Hardware Support: protection modes, interrupt mechanisms, atomic actions
required for semaphore implementation.
I/O systems and programming: programmed, interrupt, and DMA support.
Structure: Error confinement, Levels of protection, Multics rings, micro-
kernel, Unix and Microsoft NT.
The Process and the thread: Definition, environment in which they operate,
states, process management, Threads, Posix threads.
Synchronization: Mutual exclusion, semaphores, spin-locks, counting semaphores,
message passing. Deadlocks, live-locks, starvation, The Dining Philosophers
Problem, Readers and Writers, Generalized Mutual Exclusion. Concurrency
mechanisms in modern OSs.
Memory management and virtual Memory: Segmentation and paging, placement
algorithms (First Fit, Best Fit, Next Fit, etc.) and replacement algorithms
(Random, FIFO, LRU, Clock, etc.), memory mapping, page-size considerations, in-
memory tables and TLB. Protection and sharing via access modes.
Scheduling: Uniprocessor scheduling algorithms, Round Robin, Shortest Job
First, multiple queues, etc.
File Systems: Directories, sharing, Examples from modern operating systems.
Distributed Systems programming: The Client-Server Model. Sockets, Remote
Procedure Calls, Remote Method Invocation. CORBA.
Security: Basic models, confidentiality, authorization, and authentication,
access lists, capability systems, encryption.

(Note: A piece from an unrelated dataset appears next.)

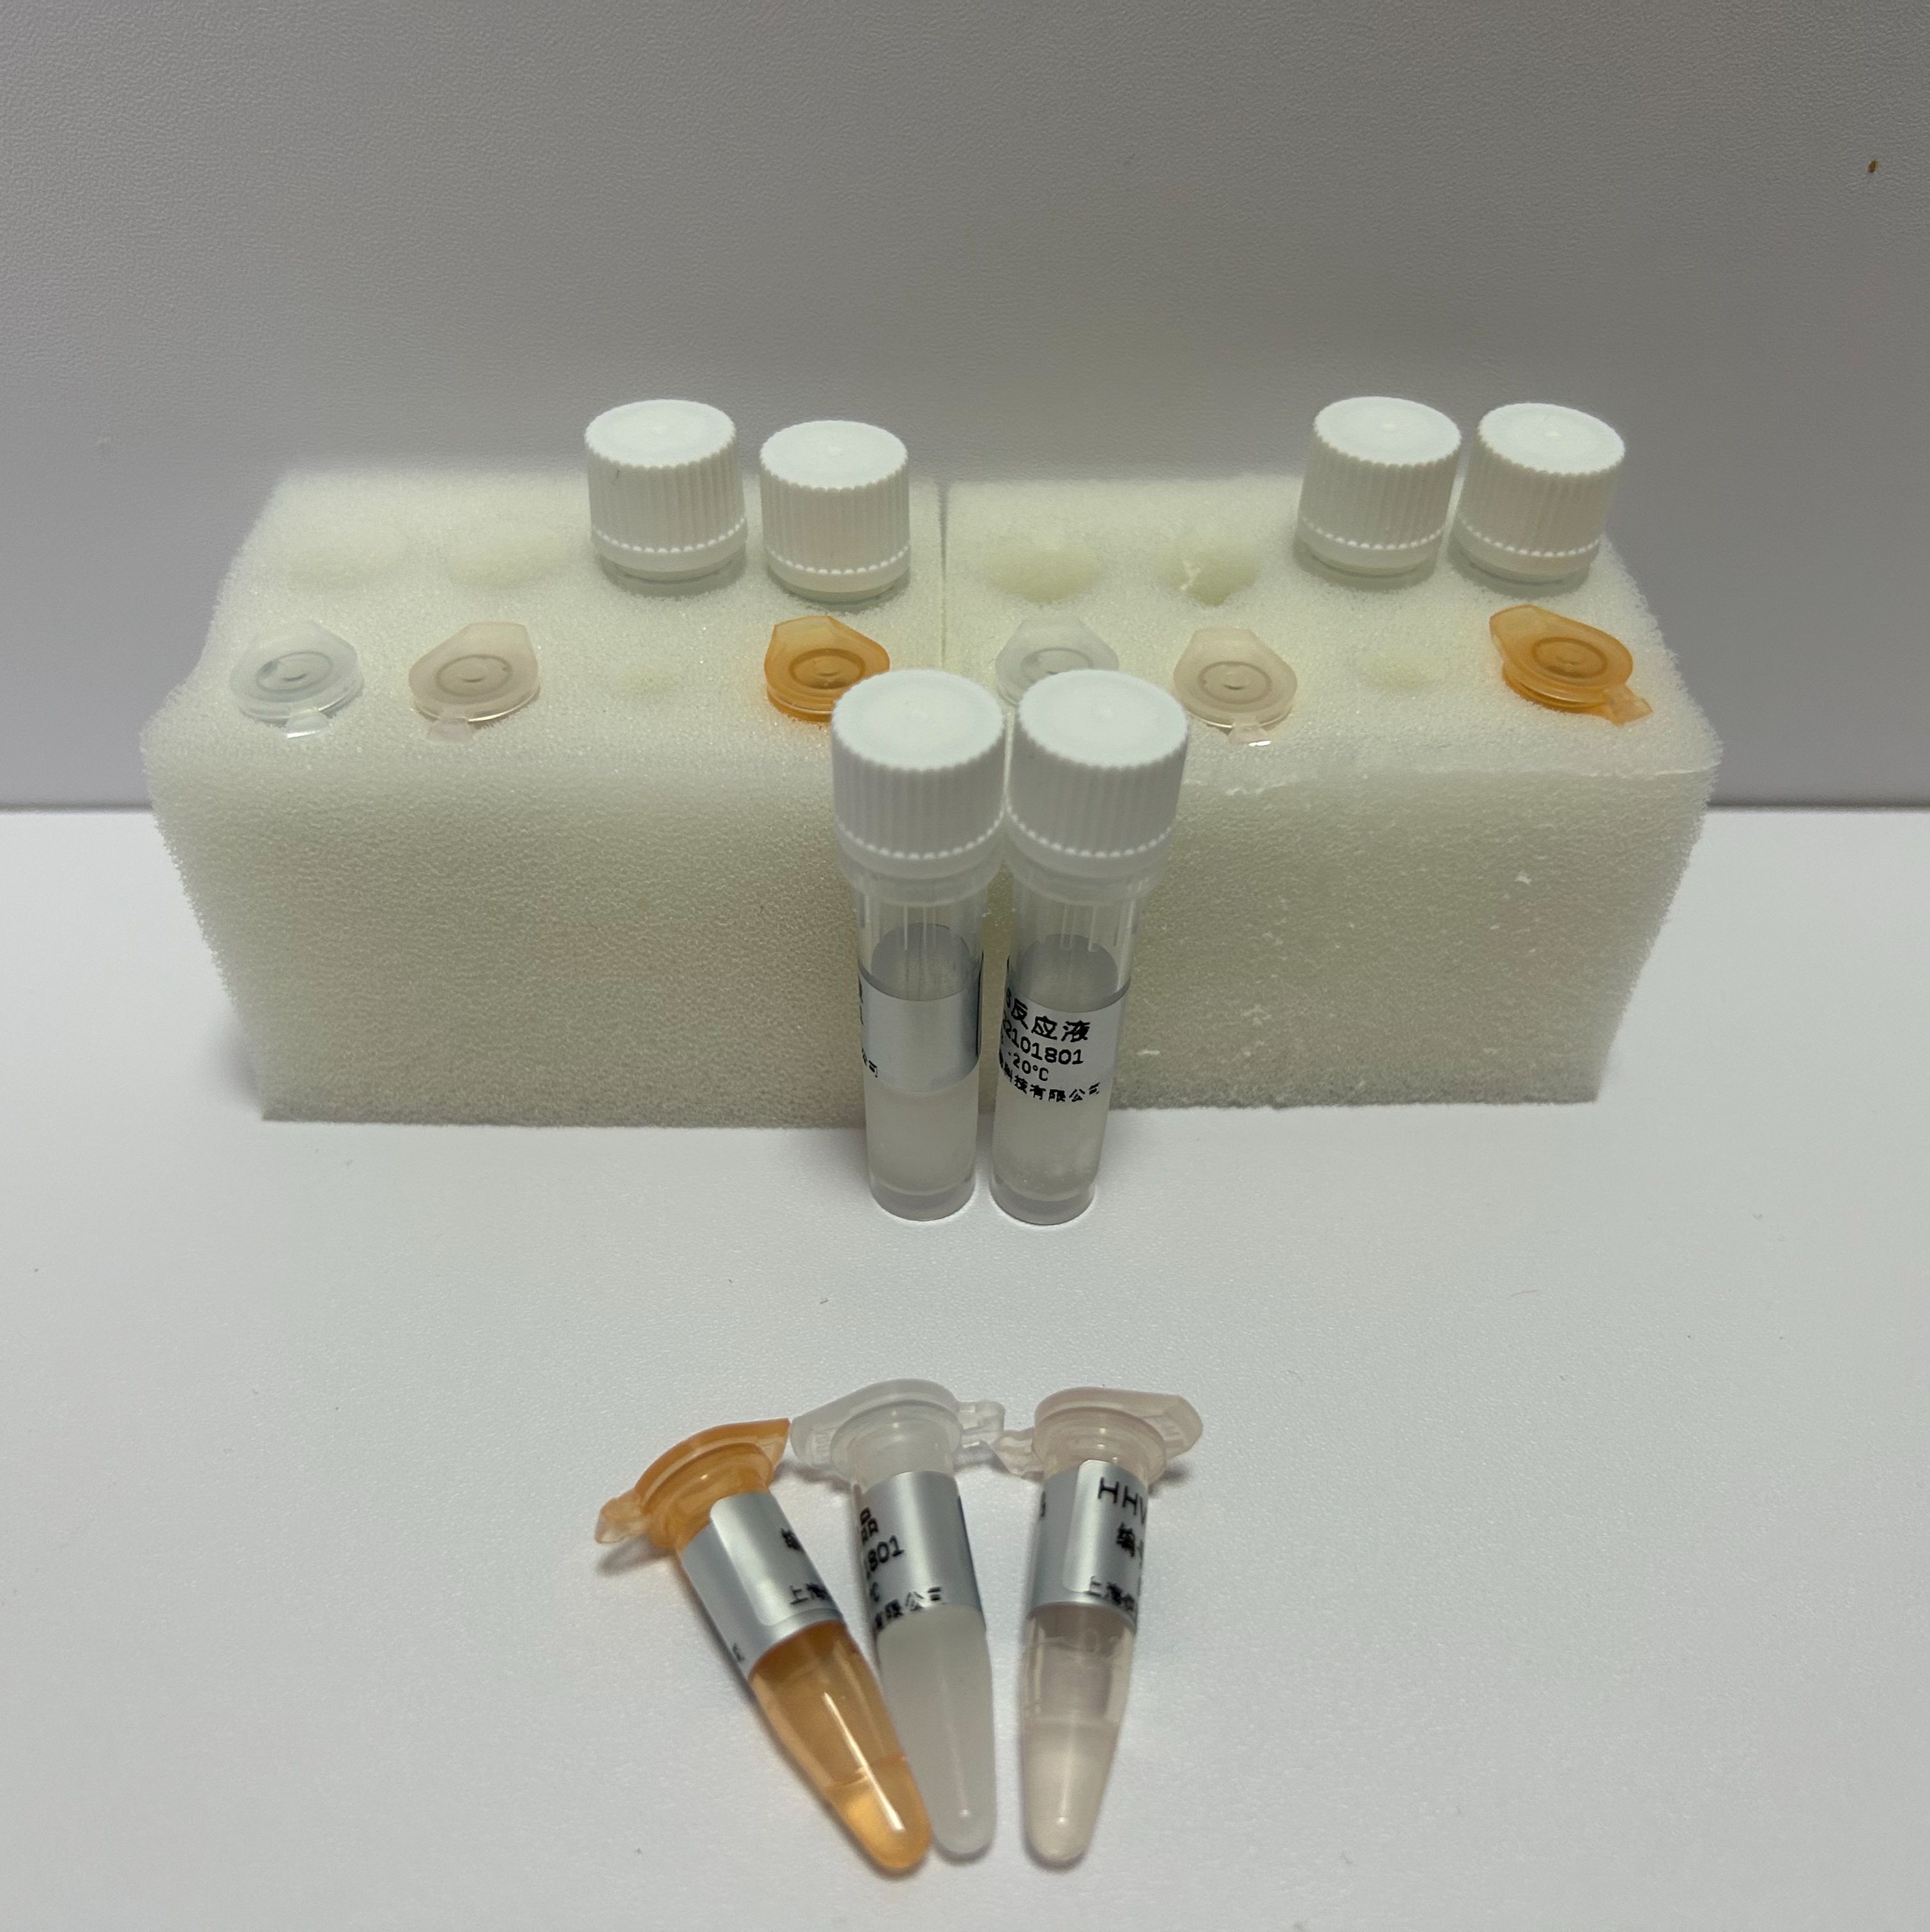 布氏罗得西亚锥虫染料法荧光定量PCR试剂盒

Text: Operating Systems, Internals and Design Principles, William Stallings,


Prentice Hall, 5th edition.

Additional Reading: Inside Windows NT, David A. Solomon, Microsoft Press,


latest Edition (I have the 2 edition).

Assessment: There will be 2 exams, several home works several projects. The
overall grade will be computed as follows: home works 15%, project 25%, mid
semester exam 25%, final exam 35%. These weights are subject to change.
Mid Term Test: March 3rd , 12:30 - 1:45pm
Final Test: TBA (week of April 25th)

Instructor: Ivor Page (ivor@utdallas.edu), 972-883-2160


Office Hours: Thursday 3:00 - 5:00pm, ECSS 4.410 or by appointment.